La chaîne du processus de transplantation et de don d'organes doit être solidifiée avant d'augmenter le nombre de dons, sinon les organes risquent d'être perdus, avertissent des experts entendus en commission parlementaire mardi.
«Le don d’organes sauve des vies — si et seulement si il se traduit dans les meilleurs délais par une transplantation d’organes», a souligné devant les parlementaires la Dre Marie-Josée Hébert, cofondatrice du programme de recherche en don et transplantation du Canada.
Elle a mentionné qu'il faut en effet augmenter le nombre de dons au Québec, mais qu'une hausse se traduit dans l'efficacité de la transplantation d'organes. «Et donc un changement, qu’il soit organisationnel ou législatif, doit s’assurer de renforcer la chaîne du don vers la transplantation», affirme-t-elle.
«Si on a plus d’organes de quelque manière que ce soit, il faut être sûr qu’on va être capable de les transplanter, il faut être sûr de rendre utile ce don incroyable.»
Selon les plus récentes données de Transplant Québec, l'organisme qui coordonne le processus de dons d’organes, 171 donneurs décédés ont permis de transplanter 584 organes en 2022. Cette année-là, 913 personnes étaient en attente d'un don, et 47 ont trépassé en attendant toujours. Les chiffres de 2023 sont attendus fin février.

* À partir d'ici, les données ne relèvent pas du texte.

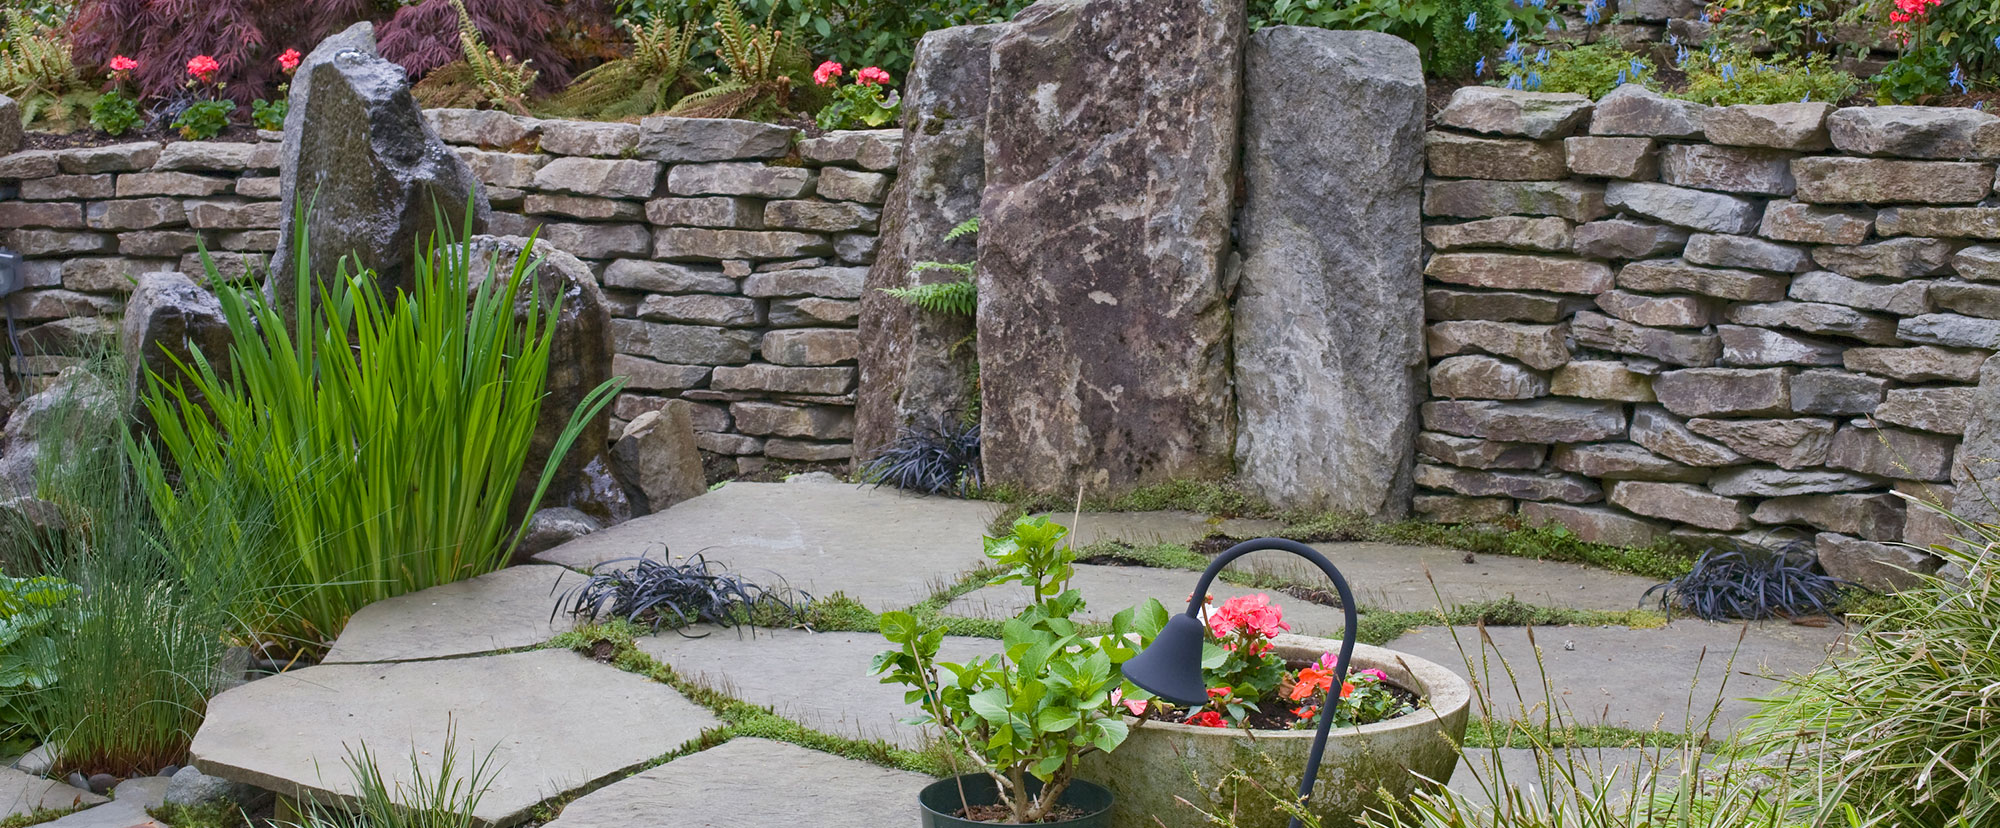 Natural stones for landscape design

Le Dr Frédérick D’Aragon, membre des médecins coordonnateurs du Québec et cofondateur de la Chaire de recherche Justin Lefebvre en don d'organes, a fait savoir qu'environ 1 % des décès dans un hôpital se qualifie pour un don. «Donc, il ne faut pas manquer ce donneur parce que la prochaine fois ça risque d’être dans plusieurs semaines, voire plusieurs mois et on aura manqué une opportunité importante.»
De son côté, la directrice générale sortante de la Fondation canadienne du rein, Francine Labelle, a fait valoir que le manque de référencement contribue à allonger la liste d'attente. «En comparaison avec les autres provinces canadiennes, la performance des hôpitaux du Québec quant au nombre de donneurs d’organes potentiels, identifiés et référés, est faible, dit-elle. En 2021, seulement 724 donneurs potentiels ont été référés alors que la moyenne de référencement annuelle de l’Ontario se situe entre 5000 et 6000.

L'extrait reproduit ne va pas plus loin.